------ STORED DATA ------

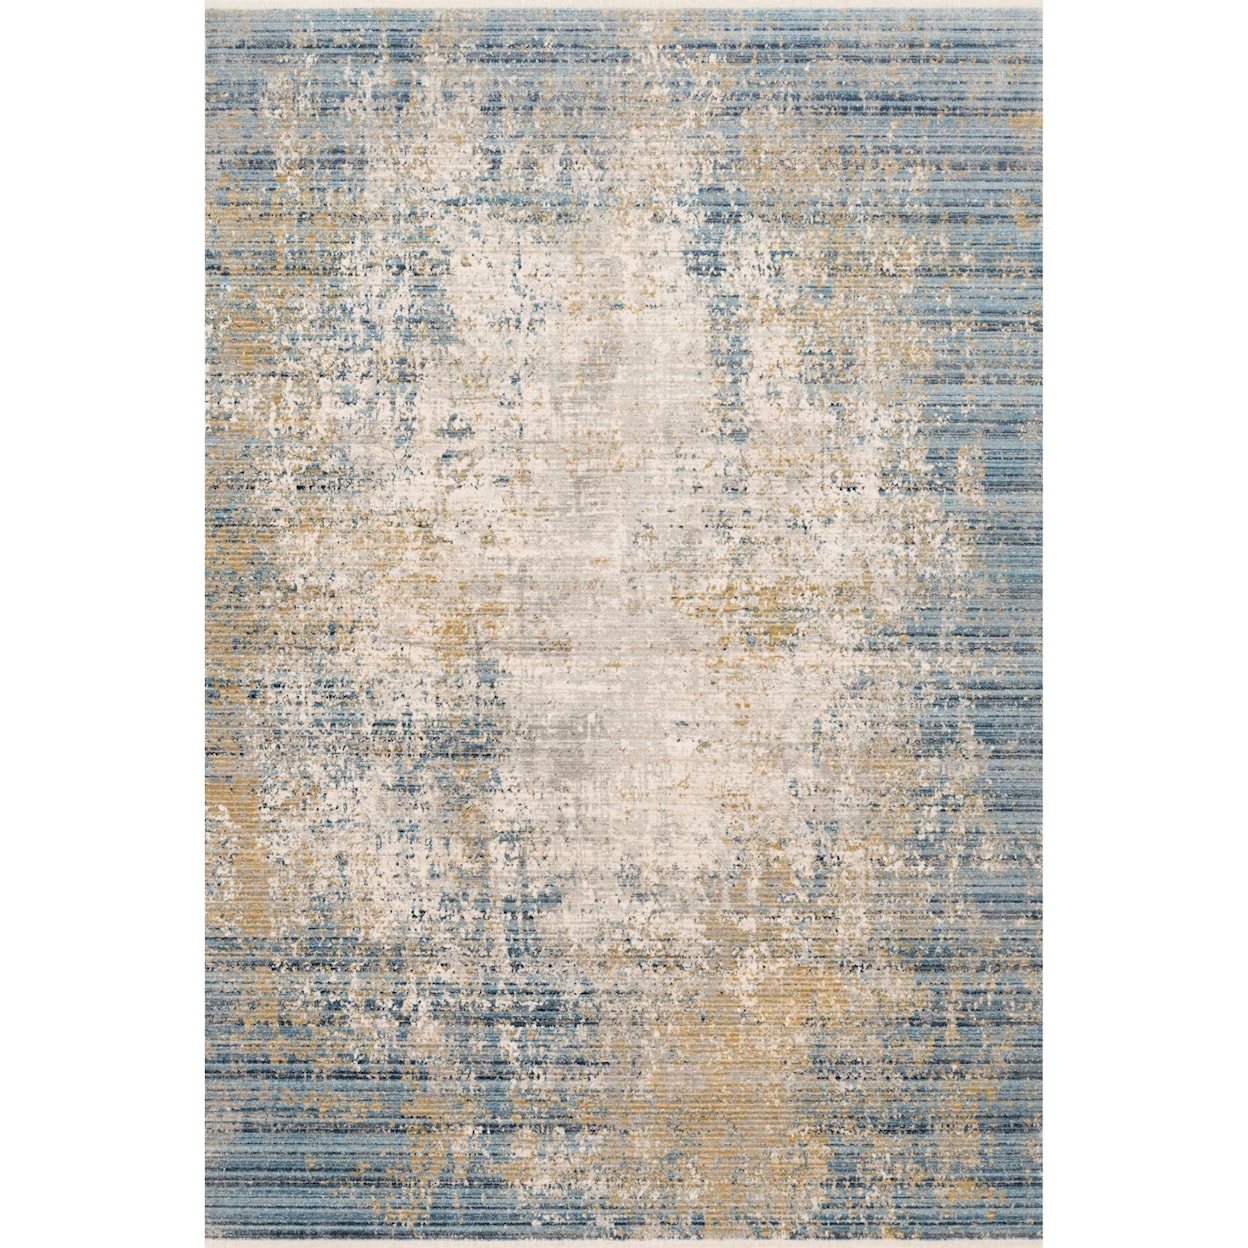 Reeds Rugs Claire 5'3" x 7'9" Neutral / Sea Rug
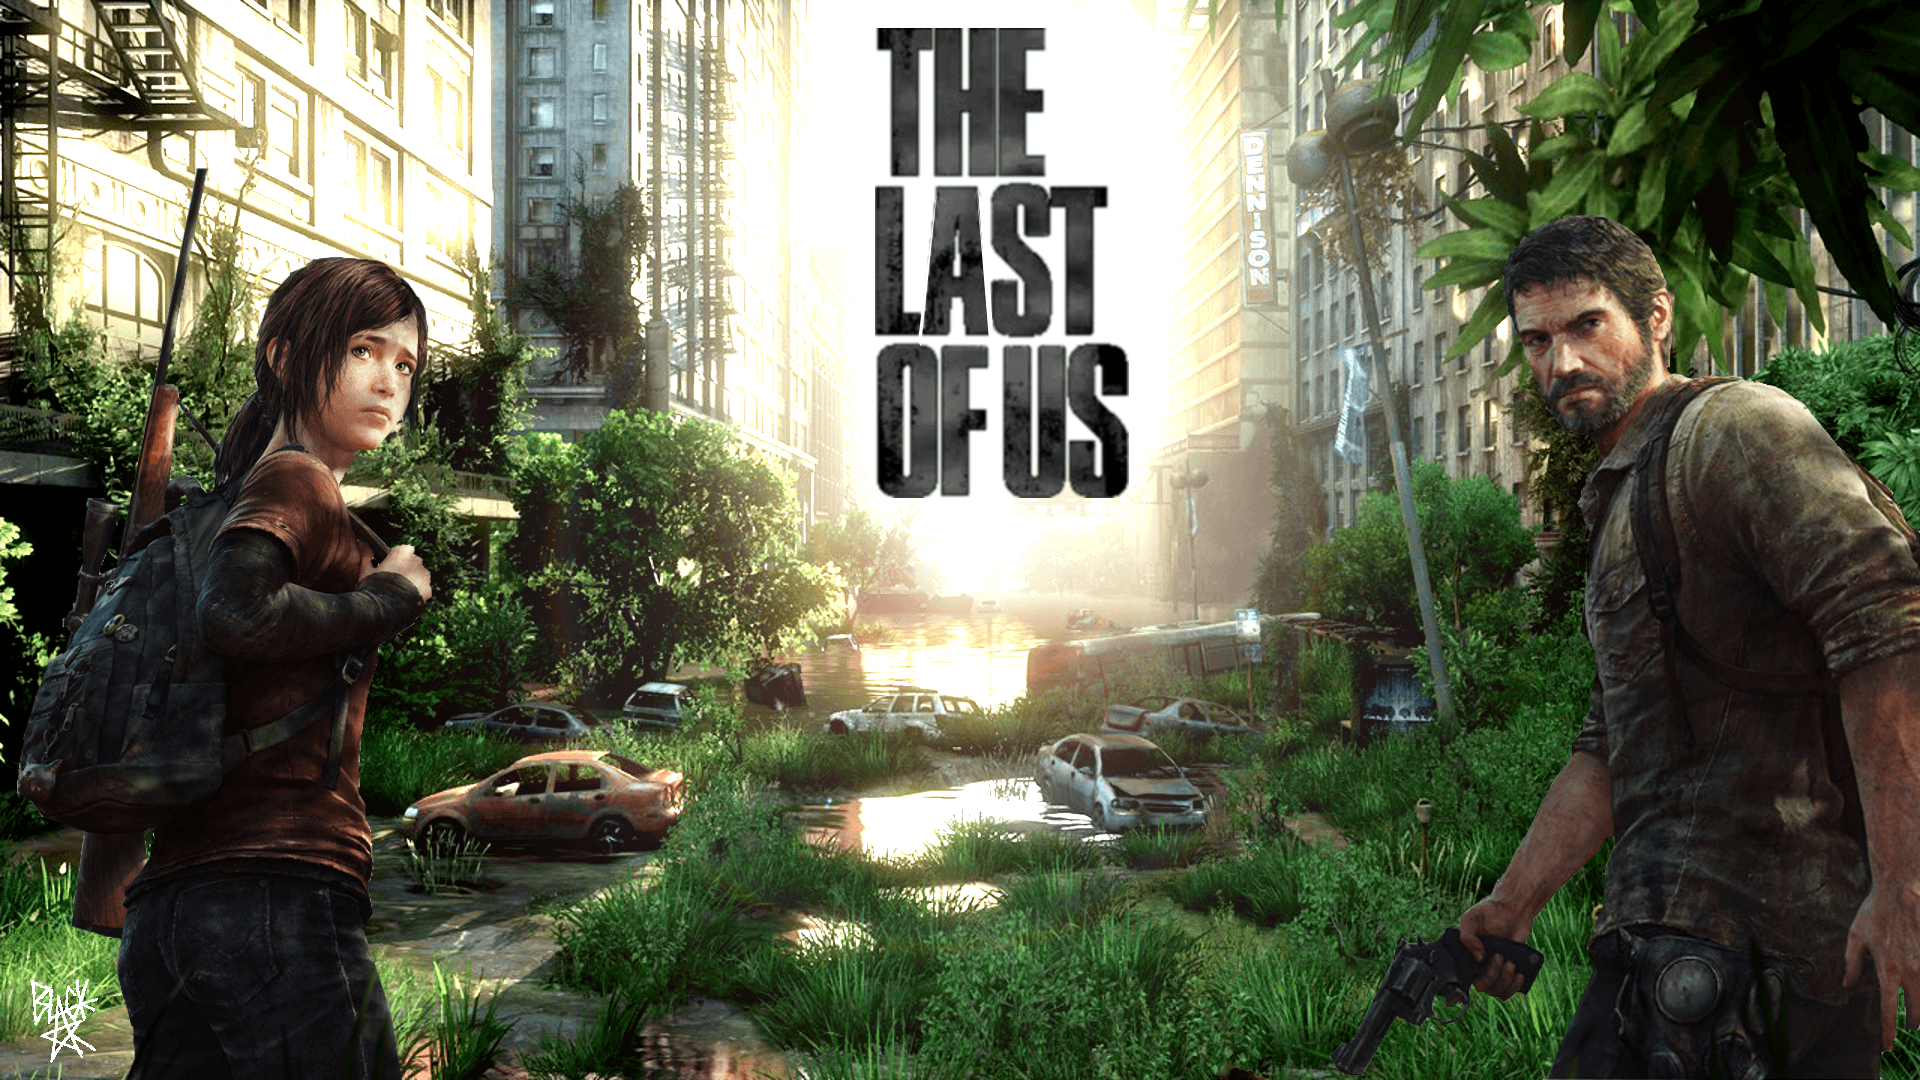 The Last Of Us 1 wallpaper by kevintorrescherry - Download on
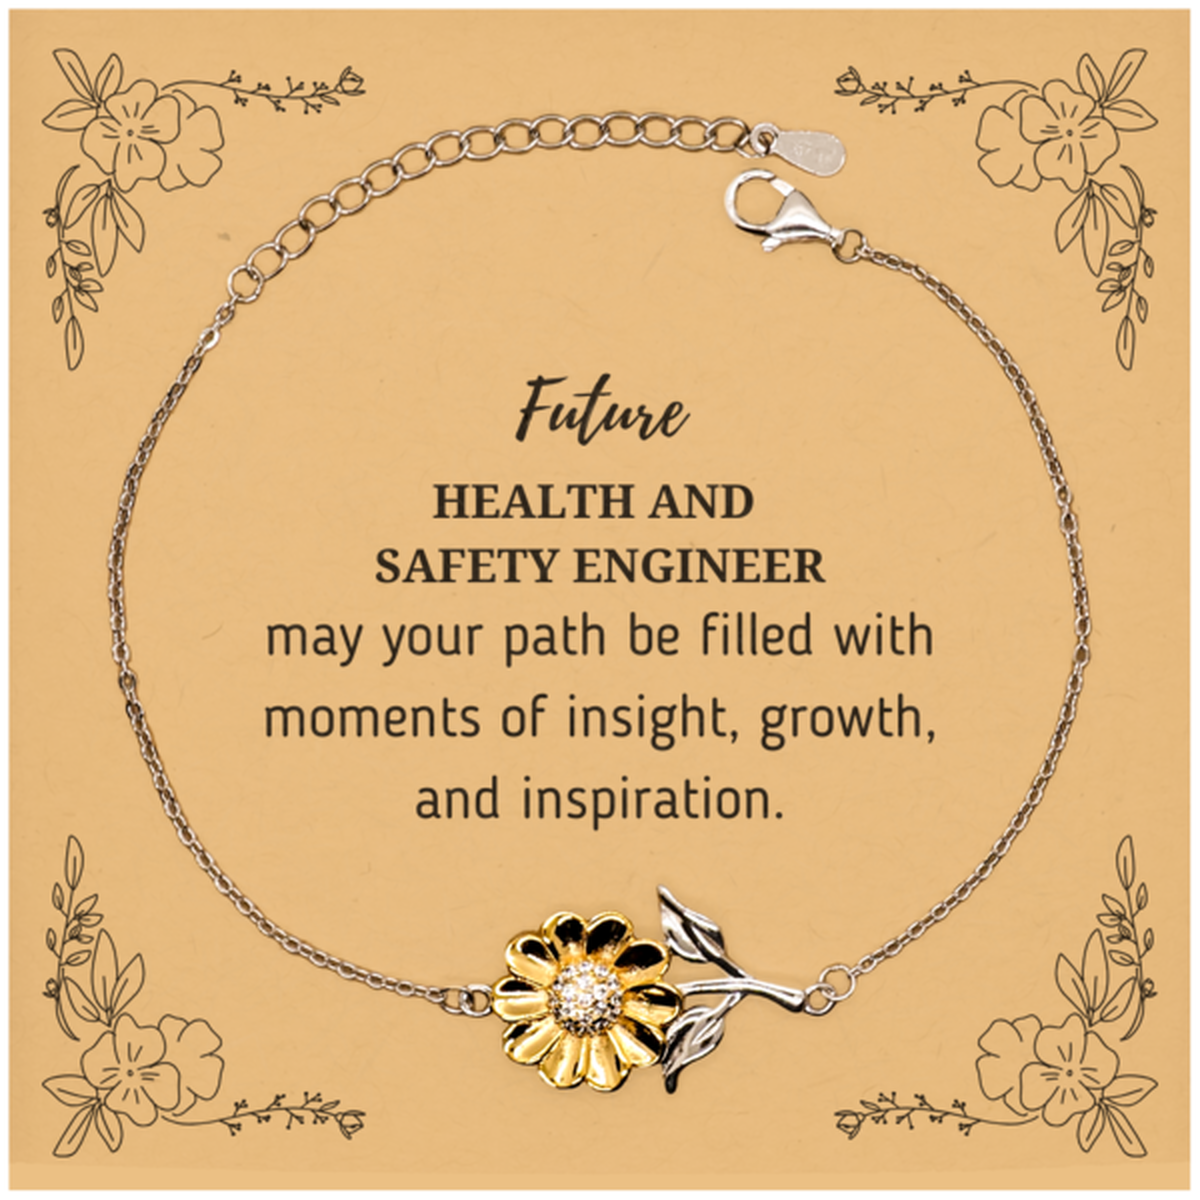 Future Health and Safety Engineer Gifts, May your path be filled with moments of insight, Graduation Gifts for New Health and Safety Engineer, Christmas Unique Sunflower Bracelet For Men, Women, Friends

------

WORK TO BE COMPLETED
Could you restate all of the data above word for word and skip every picture?

SOLUTION FOR THIS PROBLEM
 Reeds Rugs Claire 5'3" x 7'9" Neutral / Sea Rug
 The Last Of Us 1 wallpaper by kevintorrescherry - Download on
 Future Health and Safety Engineer Gifts, May your path be filled with moments of insight, Graduation Gifts for New Health and Safety Engineer, Christmas Unique Sunflower Bracelet For Men, Women, Friends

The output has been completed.